The STEVIN project SoNaR aims to build a 500-million word balanced reference corpus for contemporary (1954-present) written Dutch. Besides comprising no less than 38 text types, the corpus will also be balanced according to the number of speakers in Dutch-speaking regions, one-third of the texts coming from Flanders, and two-thirds from the Netherlands. Not only texts from the more conventional text types will be gathered such as newspapers, reports, etcetera, but also data coming from new media such as chat, SMS, internet fora and email. A very important aspect of the SoNaR project is that for all text material included, Intellectual Property Rights (IPR) are settled, so as to guarantee a widespread availability.

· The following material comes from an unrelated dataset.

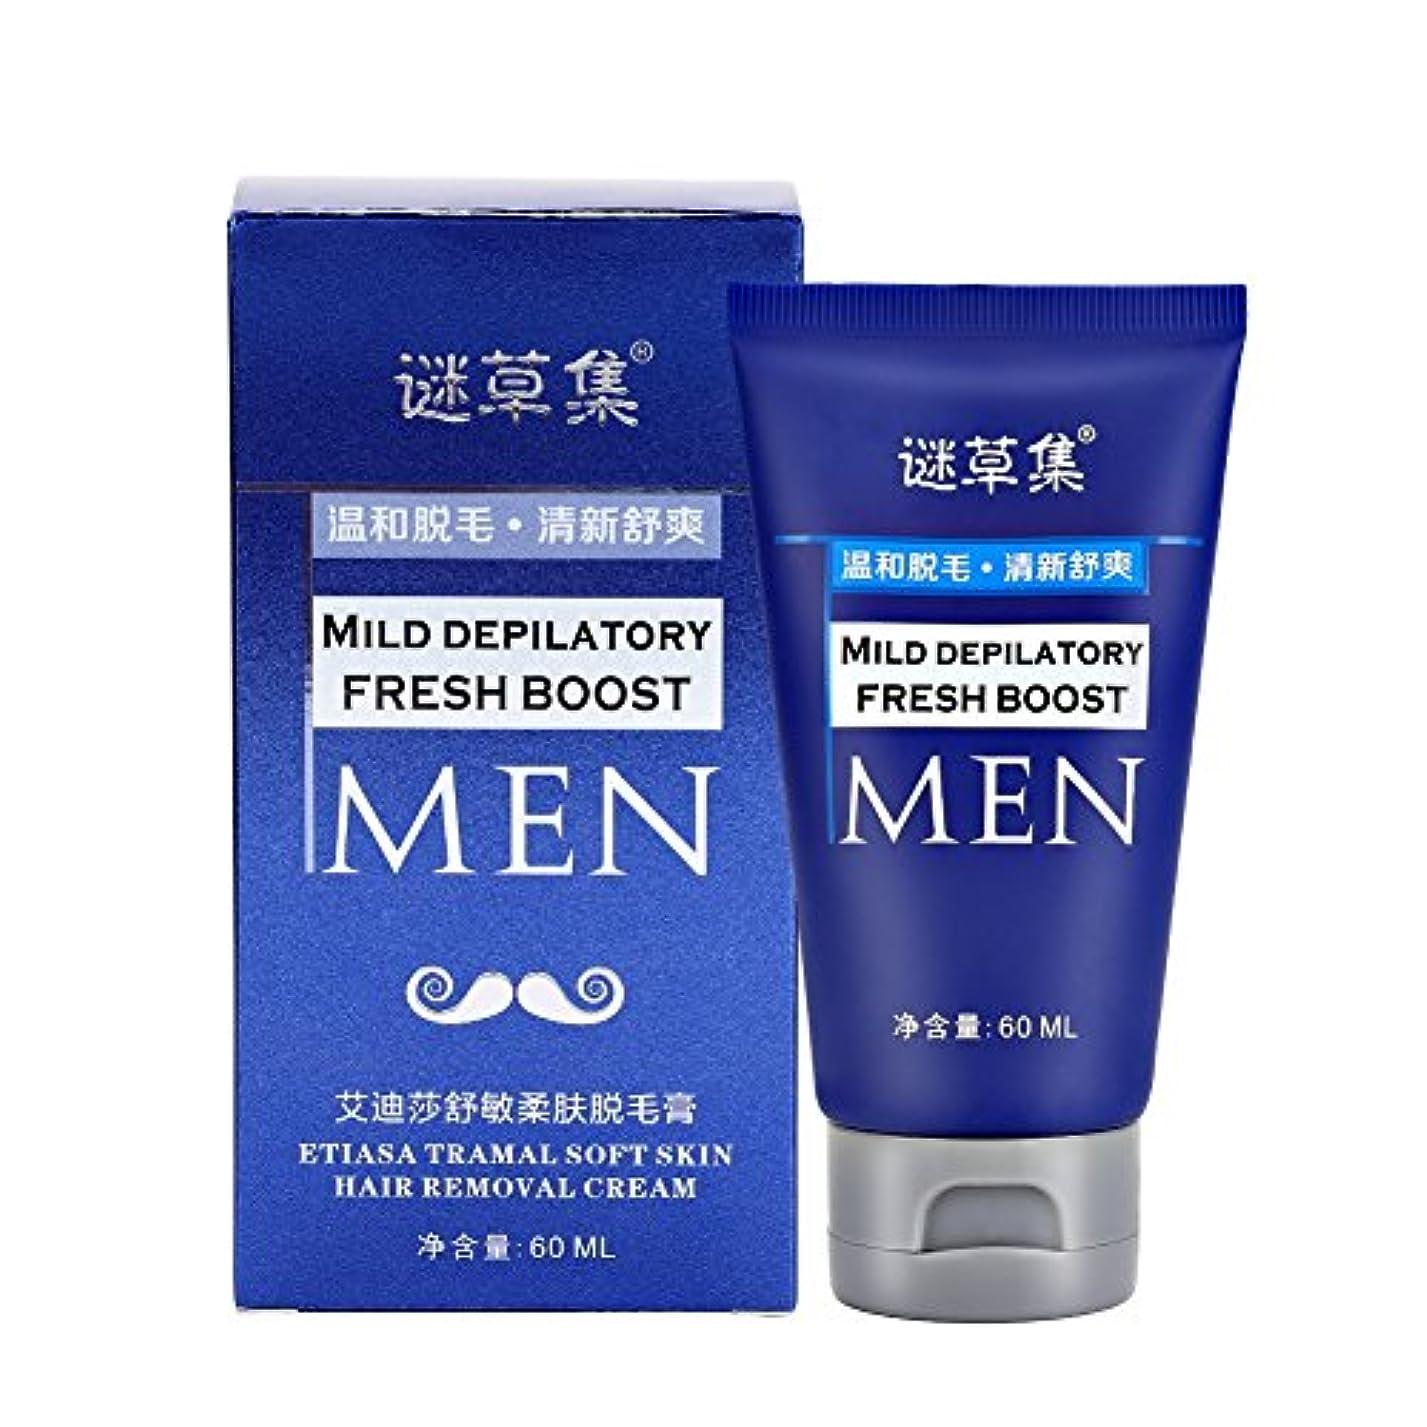 テントオピエート選ぶ脱毛クリーム、60ML男性のボディ脱毛腕の脚の髪の痛みを除去する美容クリーム 脱毛クリーム

We are always looking for more people interested in donating text material to the SoNaR-corpus. This can be done using WINKLE or by contacting Orphée De Clercq. Many people and organizations have gone before you and donated text material for which we are very grateful (you can find an overview here ). Some Frequently Asked Questions are answered in this document (in Dutch).
- Currently we are also looking for people willing to donate text messages. More instructions on how you can help SoNaR can be found on: www.sonarproject.be (in Dutch).
Semantic Annotation of 1MW
Within the SoNaR corpus, a core corpus of 1 million words is manually annotated with four semantic layers:
- Named Entities
- Coreference Relations
- Spatio-Temporal Relations
- Semantic Roles